We have a budget for free time of 120 minutes by customer, denoted $T$, that is to say $F_F + F_H \leq T$. After a little bit of EDA, it seems the more free-time, the more reading, so **we assume we use the whole budget**, ie $F_F + F_H = 1000000$, ie $F_H = T - F_F$, which reduces the dimensionality of the optimization problem, without ending up on a suboptimal equilibrium, as we'll confirm later on. Let **$p$ be the proportion of the budget** we allocate for free fiction book reading (then $F_F = p * T$ and $F_F = (1-p) * T$). We can simply formalize the first optimization objective as:

\begin{align*}
\max_{p} & E(f(p * T, (1-p) * T) + E(g(p * T, (1-p) * T))\\
\textrm{s.t.} & 0 \leq p \leq 1 \\
\end{align*} 

## 3. Optimizing the Sharpe ratio
To every coordinate $(F_F, F_H)$ in the space of possible free-reading time allocations, we can associate an expected total reading $E(R((F_F, F_H))$, that is the total reading time for a customer when giving him or her $(F_F, F_H)$ free reading time. But reading time at this point isn't deterministic. The exploratory data analysis suggests for each point in that space the **distribution of reading time is a gaussian**. Hence we can assume every point in that space has not only an expected reading time, but also a **standard deviation**, $std(R((F_F, F_H))$.

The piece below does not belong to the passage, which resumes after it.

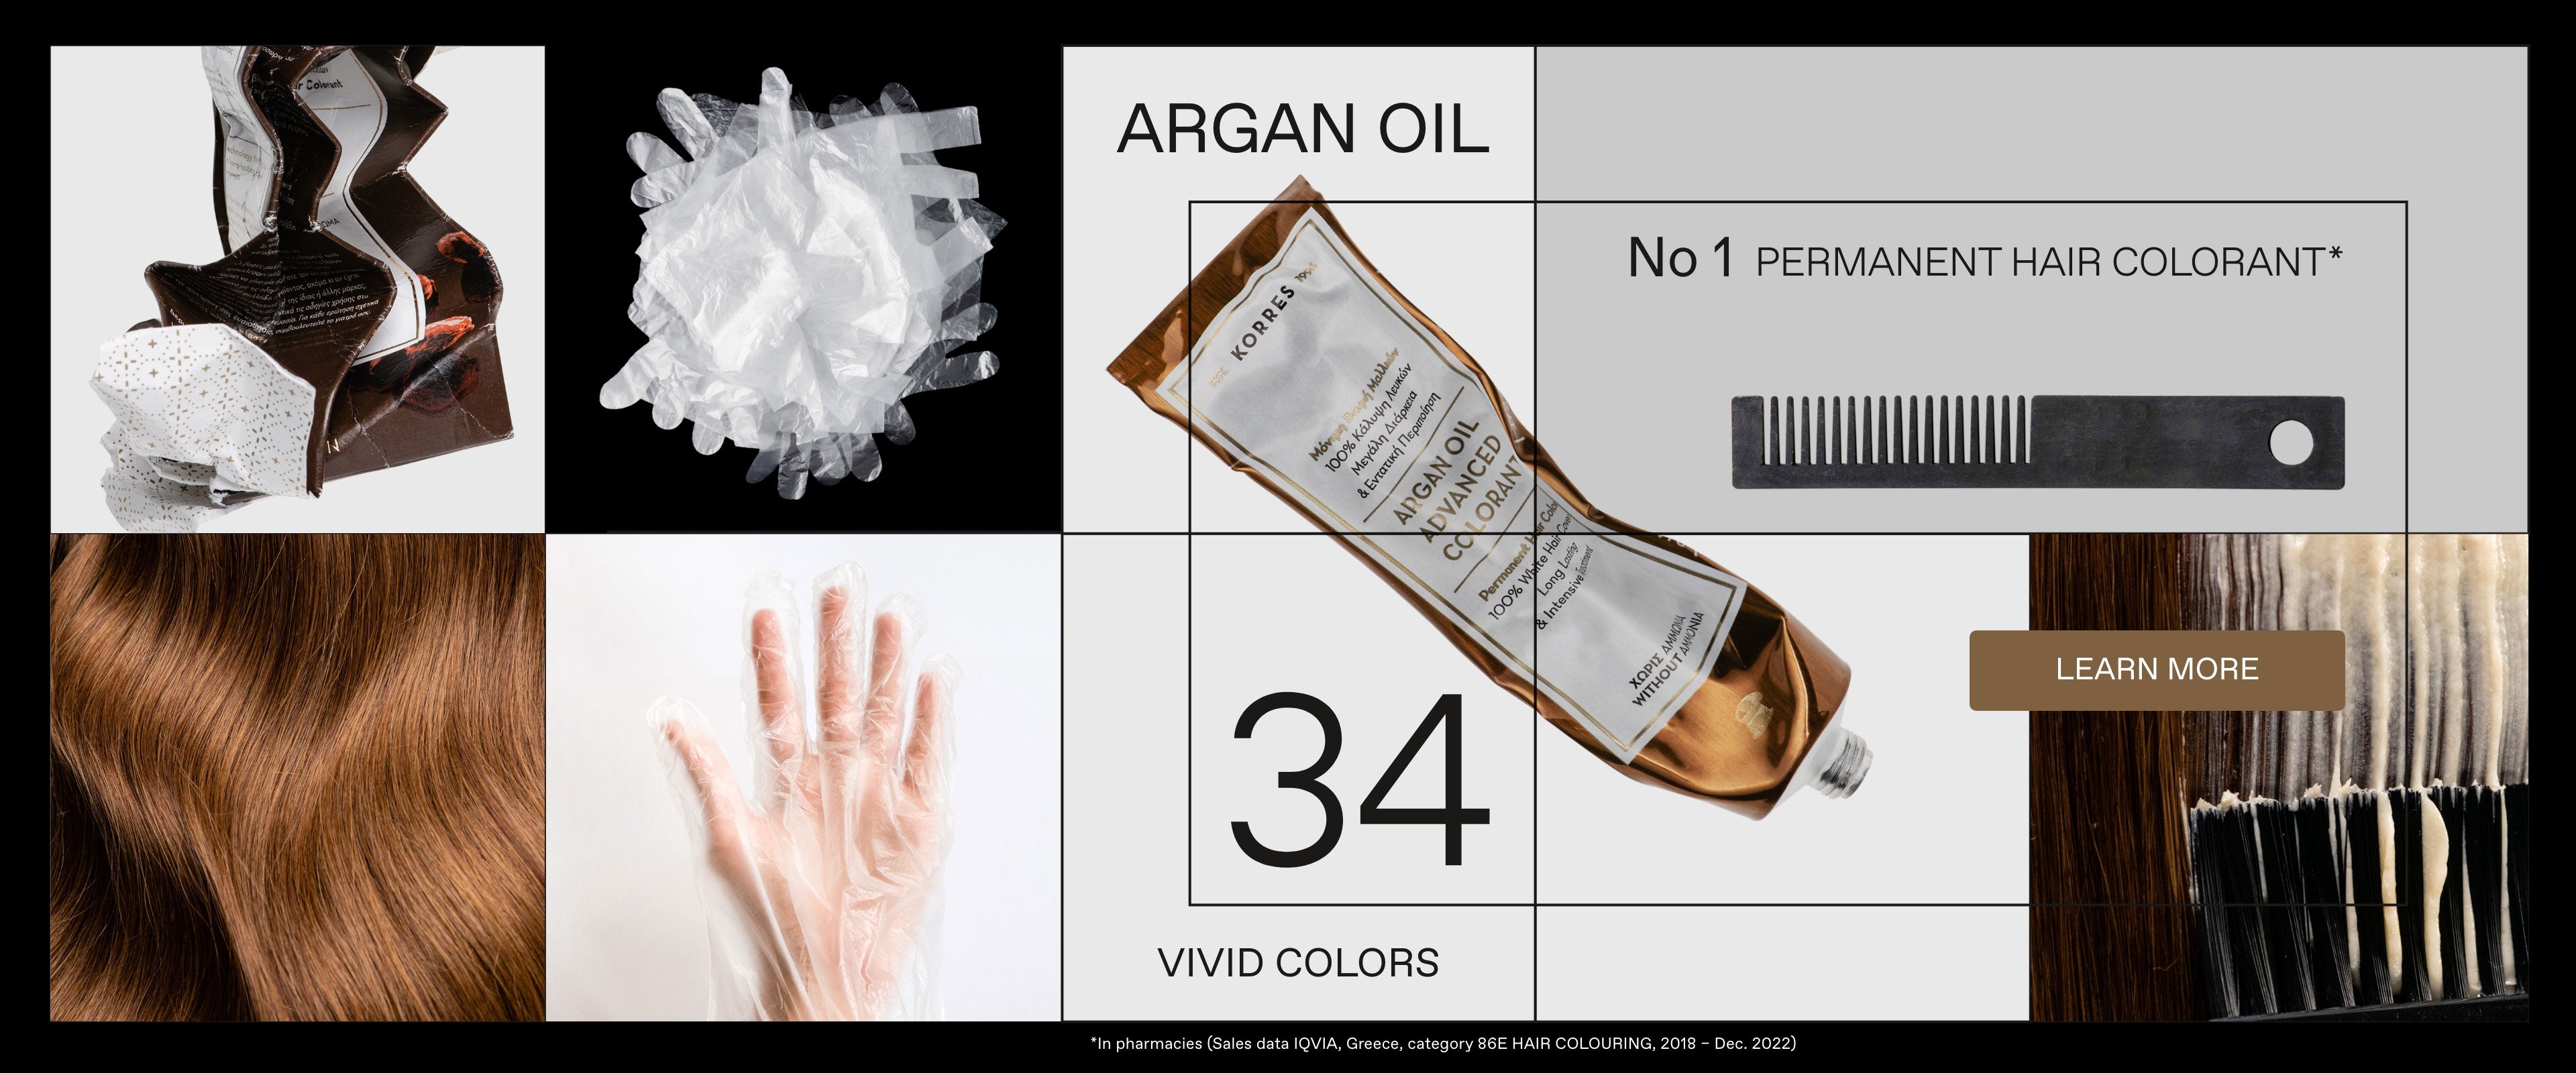 Argan oil No 1 Permanent Hair colorant

We might want to take into account that variability, maybe account for the **risk of the investment**, and instead of optimizing only the expected reading time, normalize it by its standard deviation (an indicator known as Sharpe ratio). The optimization problem for the second objective is:

\begin{align*}
\max_{p} & \frac{E(f(p * T, (1-p) * T) + E(g(p * T, (1-p) * T))}
{\sqrt{V(R(p)}}
\\
\textrm{s.t.} & 0 \leq p \leq 1 \\
\end{align*} 

In the modeling work, we use that:
\begin{equation*}
V(ax + bY) = a^2 V(X) + b^2 V(Y) + 2ab*\text{cov}(X, Y)
\end{equation*}
Though as we will see, it is not always easy to estimate $\text{cov}(R_F, R_H)$.

## 4. Using a surrogate model
The data we have give some strong indications to estimate the gaussian law for reading time over 12 point in the budget allocation space. However, we have no explicit formulation for that law elsewhere in the space. To solve the optimization problems, we must first modelize $R$ over the space and be able to estimate its expected value and standard deviation everywhere.

To do so, we use **surrogate models**. We used the following models:
- Random forests
- Support Vector Regressions
- Gaussian processes (technique known as kringing)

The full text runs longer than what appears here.